SELECT column1, column2
FROM table_name
ORDER BY column1 ASC|DESC;
ASC— Ascending order (A→Z, 1→100). This is the default.DESC— Descending order (Z→A, 100→1).
We will use this Employees table:
+----+-----------+------------+--------+-----------+
| ID | Name | Department | Salary | City |
+----+-----------+------------+--------+-----------+
| 1 | Priya K. | Sales | 55000 | Mumbai |
| 2 | John D. | Marketing | 62000 | London |
| 3 | Arun M. | IT | 78000 | Delhi |
| 4 | Emma W. | Sales | 51000 | Sydney |
| 5 | Ravi S. | IT | 72000 | Mumbai |
| 6 | Sara L. | HR | 58000 | New York |
+----+-----------+------------+--------+-----------+
Sort in Ascending Order (ASC)
Ascending is the default. Both queries below produce the same result:
SELECT Name, Salary
FROM Employees
ORDER BY Salary ASC;
+-----------+--------+ | Name | Salary | +-----------+--------+ | Emma W. | 51000 | | Priya K. | 55000 | | Sara L. | 58000 | | John D. | 62000 | | Ravi S. | 72000 | | Arun M. | 78000 | +-----------+--------+
Salaries are sorted from lowest to highest. Since ASC is the default, you can omit it: ORDER BY Salary gives the same result.
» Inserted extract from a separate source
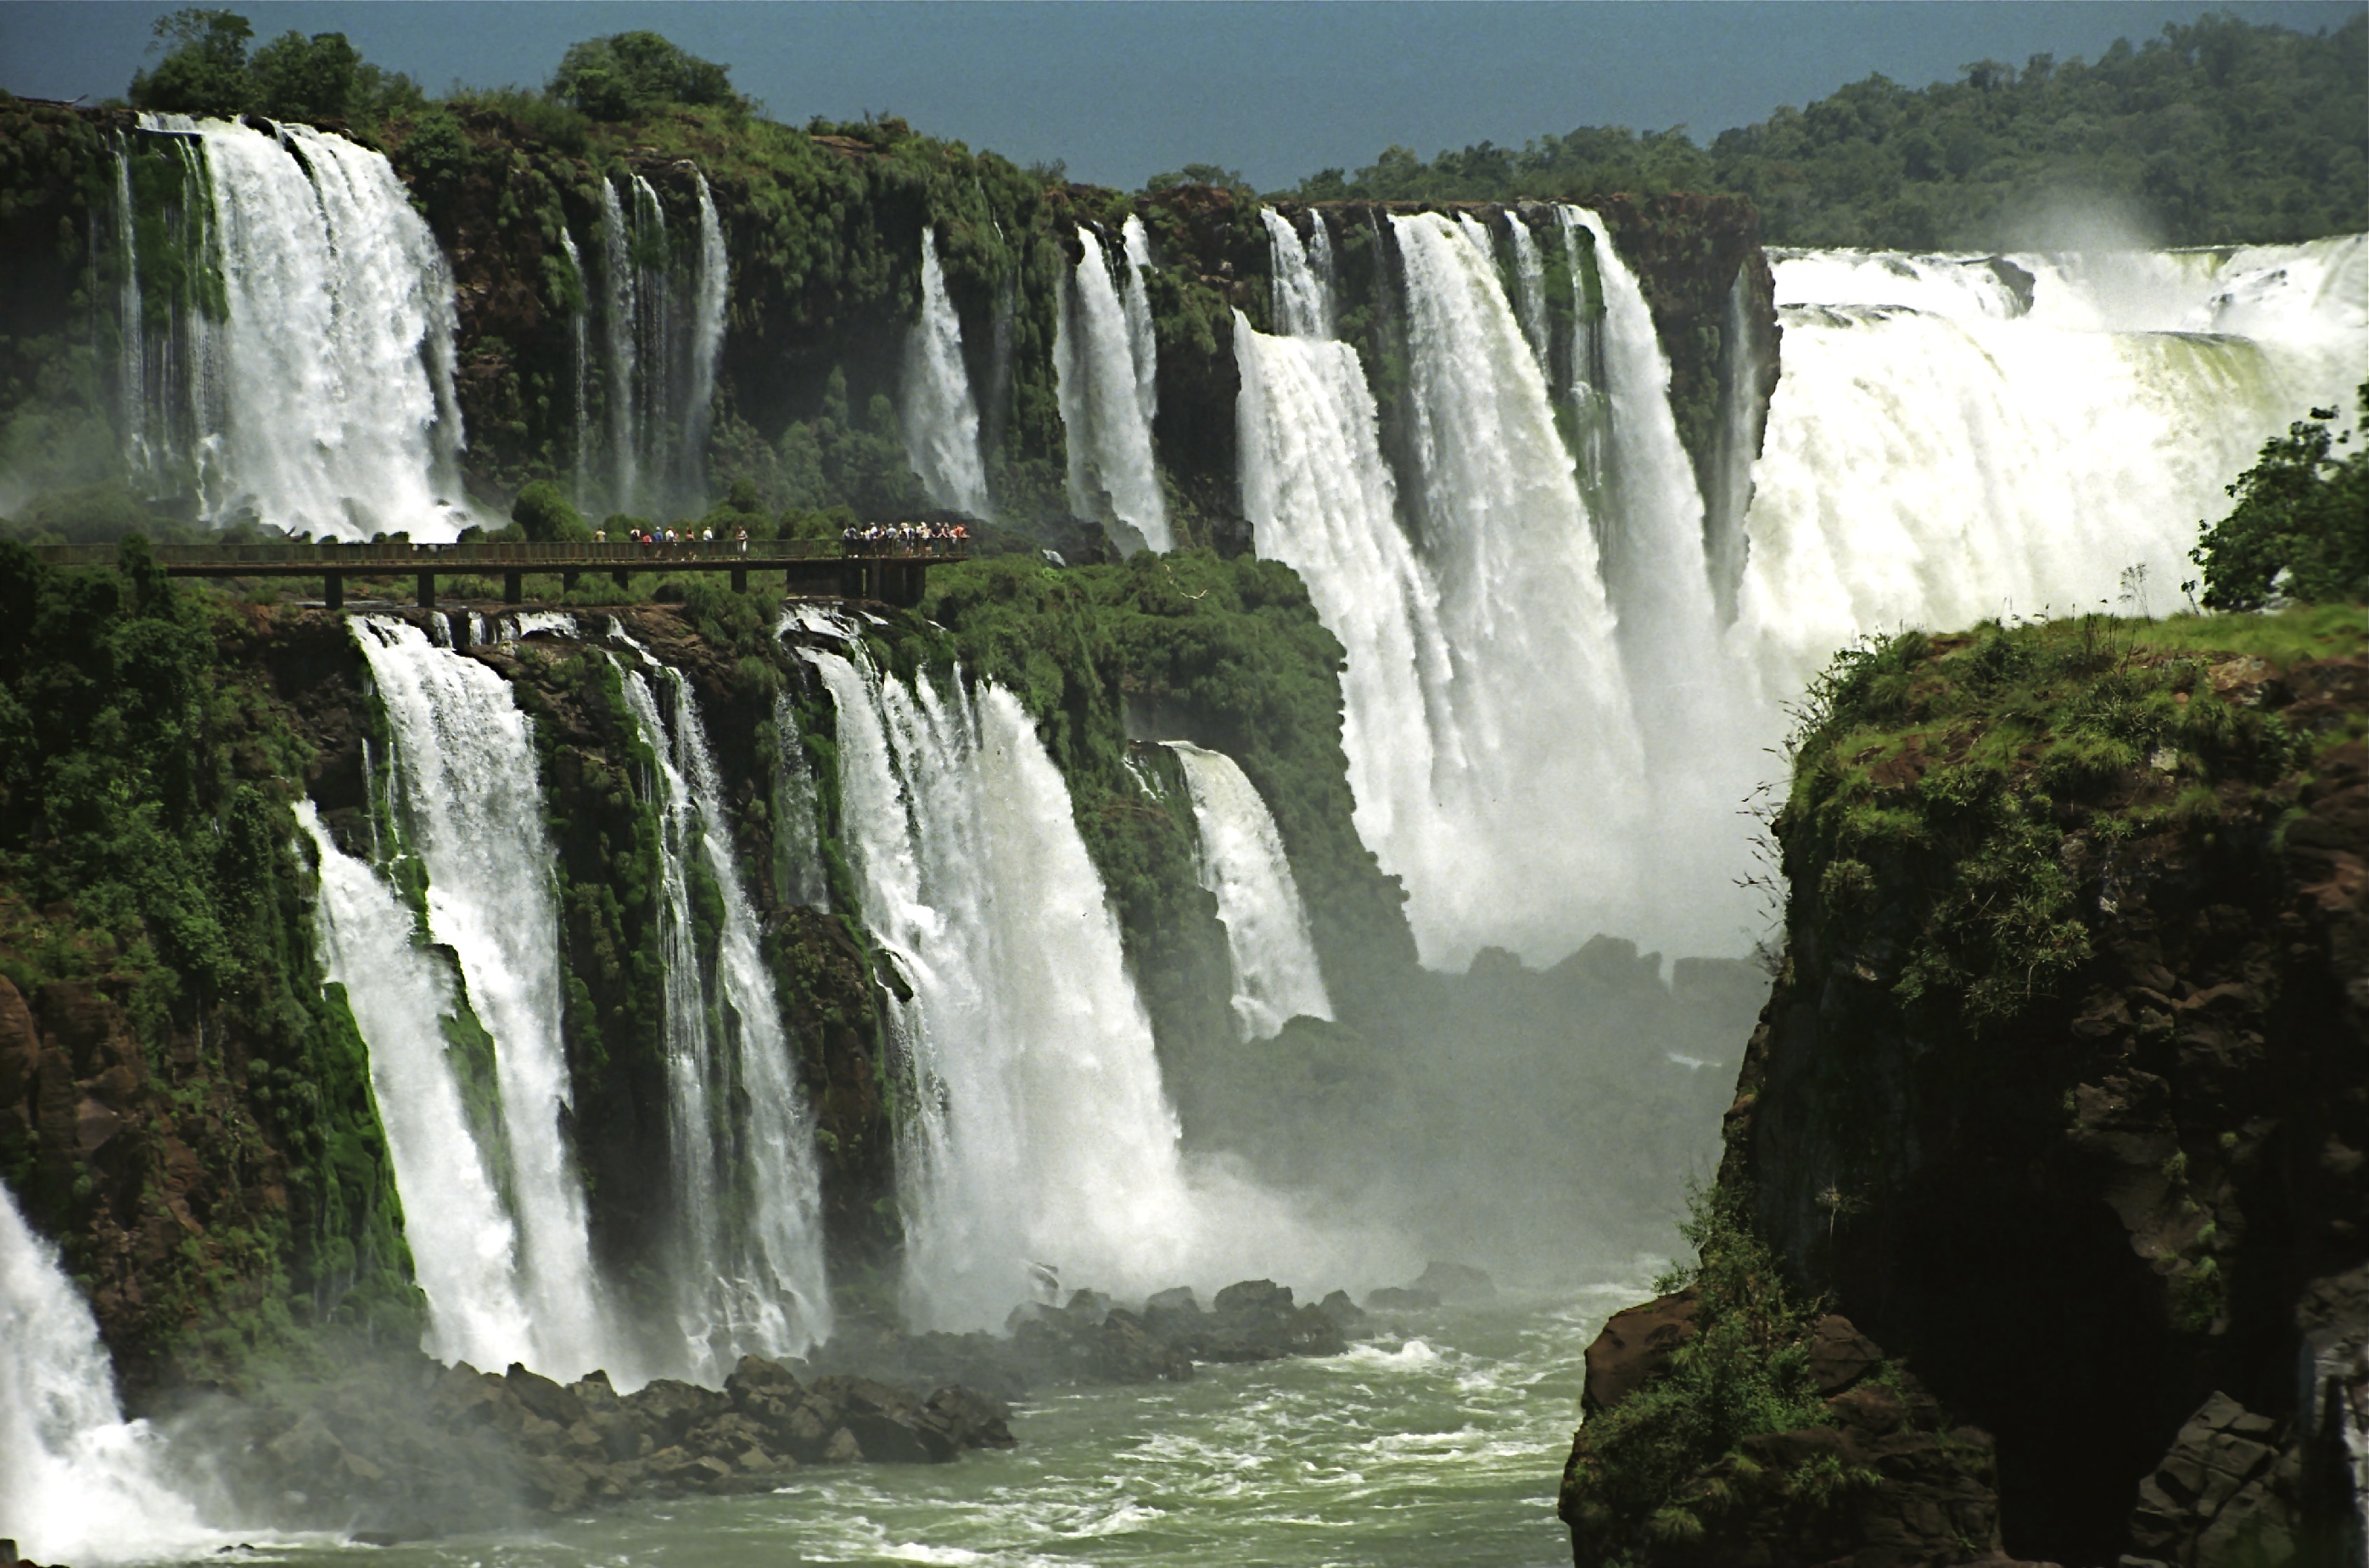 2792x1848px 1351.22 KB Iguazu Falls

Sort in Descending Order (DESC)
SELECT Name, Salary
FROM Employees
ORDER BY Salary DESC;
+-----------+--------+ | Name | Salary | +-----------+--------+ | Arun M. | 78000 | | Ravi S. | 72000 | | John D. | 62000 | | Sara L. | 58000 | | Priya K. | 55000 | | Emma W. | 51000 | +-----------+--------+
Now the highest salary appears first. DESC must be written explicitly — it is never the default.
Sort by Text Column
ORDER BY works on text columns too. It sorts alphabetically:
SELECT Name, City
FROM Employees
ORDER BY City;
+-----------+-----------+ | Name | City | +-----------+-----------+ | Arun M. | Delhi | | John D. | London | | Priya K. | Mumbai | | Ravi S. | Mumbai | | Sara L. | New York | | Emma W. | Sydney | +-----------+-----------+
ORDER BY Multiple Columns
You can sort by multiple columns. SQL sorts by the first column, then uses the second column to break ties:
SELECT Name, Department, Salary
FROM Employees
ORDER BY Department ASC, Salary DESC;
+-----------+------------+--------+ | Name | Department | Salary | +-----------+------------+--------+ | Sara L. | HR | 58000 | | Arun M. | IT | 78000 | | Ravi S. | IT | 72000 | | John D. | Marketing | 62000 | | Priya K. | Sales | 55000 | | Emma W. | Sales | 51000 | +-----------+------------+--------+
Departments are sorted A→Z. Within each department, salaries are sorted highest first. Notice IT shows Arun (78K) before Ravi (72K), and Sales shows Priya (55K) before Emma (51K).
💡 Key Point
Each column in ORDER BY can have its own sort direction. ORDER BY Department ASC, Salary DESC sorts departments alphabetically but salaries highest-first within each department. You can mix ASC and DESC freely.
ORDER BY with WHERE
You can combine ORDER BY with WHERE to filter AND sort in the same query. WHERE always comes before ORDER BY. You can also add AND, OR, NOT operators for multiple conditions:
SELECT Name, Salary
FROM Employees
WHERE Salary > 55000
ORDER BY Salary DESC;
+-----------+--------+ | Name | Salary | +-----------+--------+ | Arun M. | 78000 | | Ravi S. | 72000 | | John D. | 62000 | | Sara L. | 58000 | +-----------+--------+
ORDER BY Column Position
Instead of column names, you can use the column number in the SELECT list. Column 1 is the first selected column, column 2 is the second, and so on:
SELECT Name, Salary
FROM Employees
ORDER BY 2 DESC;
ORDER BY 2 means “sort by the second column in the SELECT list” which is Salary. This produces the same result as ORDER BY Salary DESC.
📌 Best Practice
Always use column names instead of numbers in ORDER BY. Column numbers break if someone adds or removes columns from the SELECT list. Names are self-documenting and safer for production queries.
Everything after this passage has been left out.